Caring for kids and aging parents? Manage invisible labor, set boundaries, and prioritize joy to protect your mental health this holiday season.
Surviving the Sandwich Generation: Managing Holiday Stress and Invisible Labor
Caring for young children while also supporting aging parents puts you squarely in the “Sandwich Generation.” It’s a uniquely challenging place to be, and the invisible mental load that comes with it can take a toll on your mental health. Research shows that parental anxiety, depression, social isolation, chronic fatigue, and burnout are at an all-time high, with parental loneliness surging like never before.
Holidays can amplify these challenges, triggering old patterns of behavior and leaving you stretched even thinner. But with awareness, boundaries, and intentional choices, you can reclaim joy and protect your mental health.

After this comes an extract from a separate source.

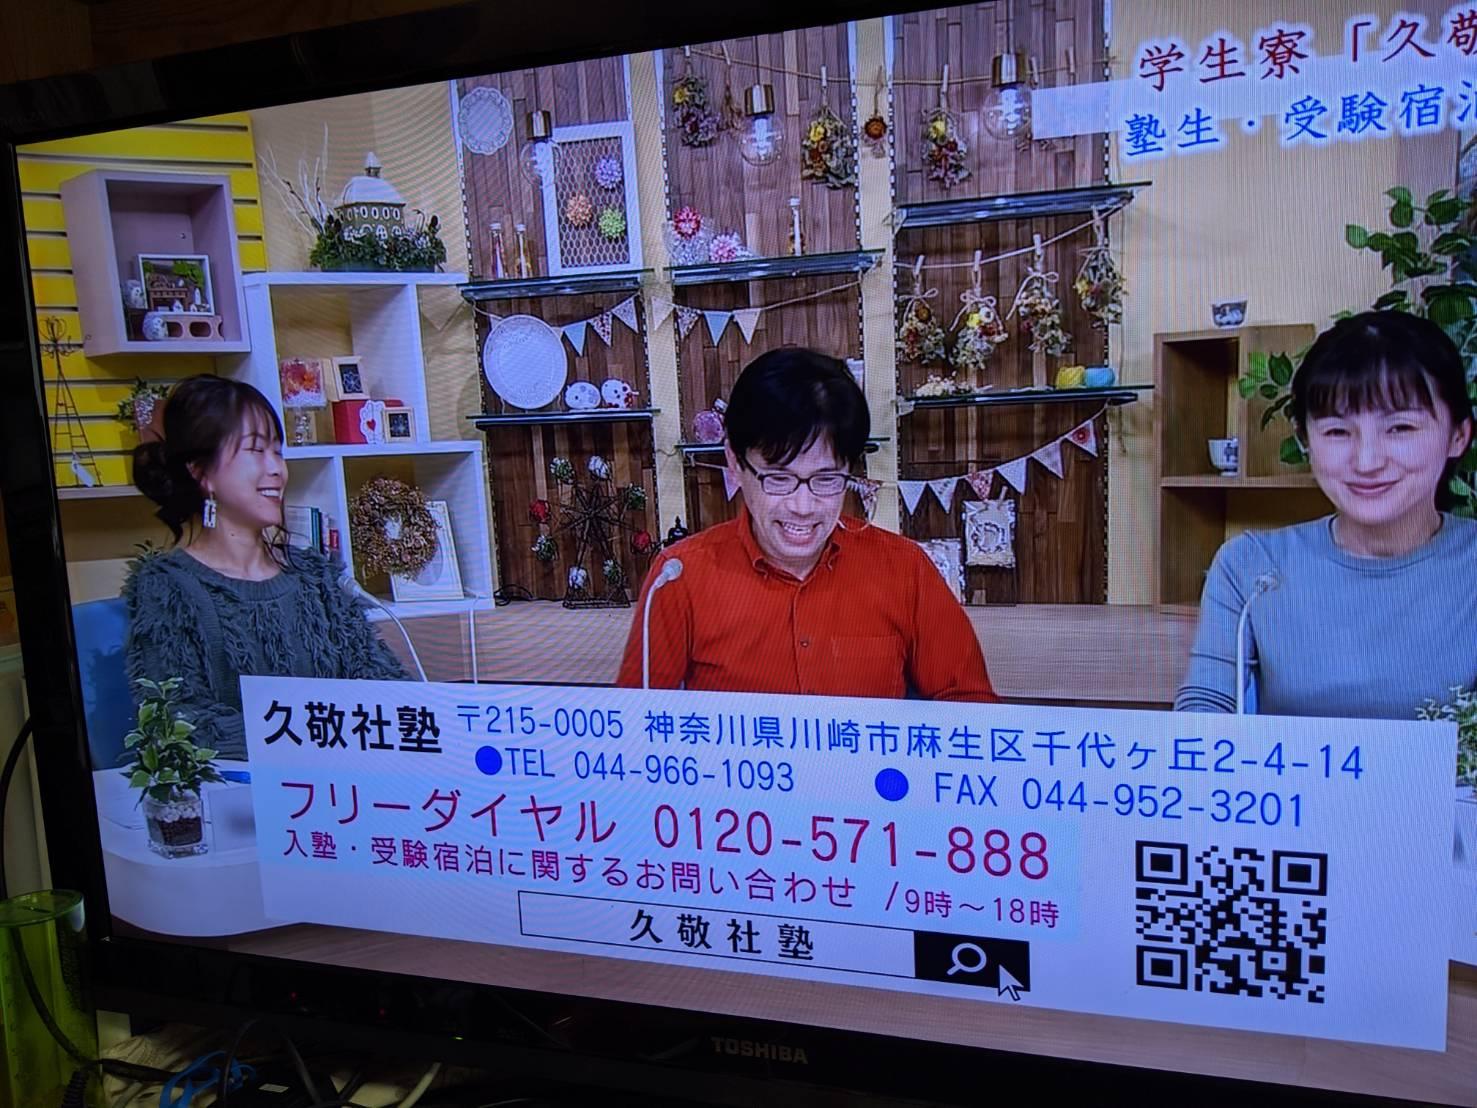 1/10からぴ~ぷる放送の「週刊キャッチぴ~ぷる」で久敬社が紹介されます!

The Weight of Invisible Labor
In the 1980s, anthropologists identified “invisible labor,” the unacknowledged work often carried out by caregivers. This includes tasks like:
- Planning and preparing meals
- Buying, wrapping, and sending gifts
- Feeling guilt over cutting time-consuming traditions
- Negotiating family conflicts
- Planning calls and visits
- Sending holiday cards
These tasks may seem small, but together, they create an overwhelming mental load that’s exhausting and emotionally draining.
Setting Boundaries
Holidays often trigger old reactions and behaviors, making it easy to revert to childhood roles and patterns. Setting boundaries can help you manage this dynamic while prioritizing your well-being.
Here’s how to reframe common holiday requests:
-
Instead of: “Sure, I’ll wrap those presents you sent the kids.”
Try: “You can send them unwrapped, but this year, I’m not going to be wrapping any unwrapped presents.” -
Instead of: “I didn’t get your holiday card in the mail!”
Try: “We dropped that tradition. It’s giving us the space to enjoy the holidays more.” -
Instead of: “Come hug your auntie!”
Try: [To your child] “How do you want to greet Aunt Rose? You can give her a hug or wave from there.” -
Instead of: “Can't you just skip his nap?”
Try: “We know what works for us.” -
Instead of: “Why don’t we make gingerbread houses? My friends do.”
Try: “You’re right, some families make gingerbread houses. That’s not one of our traditions.”
Tips for Protecting Your Energy
- Assess traditions: Let go of rituals that no longer work for you. Focus on those that bring joy and connection.
- Set boundaries: Decide where to be flexible and where to hold firm.
- Use a schedule: Managing expectations can reduce stress for everyone.
- Accept help: Whether it’s a meal, child care, or an errand, take what’s offered.
Managing Children’s Behavior
The holidays can also be tough on kids. Communicate openly with them and consider their temperament. Try these approaches:
- Set expectations: “I know Grandma’s house can feel strange sometimes, but we’re going to try and make it cozy.”
- Acknowledge differences: “Your cousins may have different rules about screens. Let’s find something that works for everyone.”
- Adapt plans: “We’ll skip the museum since the kids aren’t into it, but we’ll meet for lunch afterward.”
- Hold firm: Whatever limits you set, stand by them to create a sense of consistency and security for your family.
Find Joy in the Moment
Amid the hustle, remember what matters most: connection. Try these strategies to center joy:
- Build community and lean on others.
- Focus on experiences you love, not picture-perfect Instagram posts.
- Practice forgiveness—for yourself and others.
- Prioritize the present moment.
The holidays don’t have to feel overwhelming. By setting boundaries and managing expectations, you can protect your mental health while creating meaningful, joyful connections with those you care about most.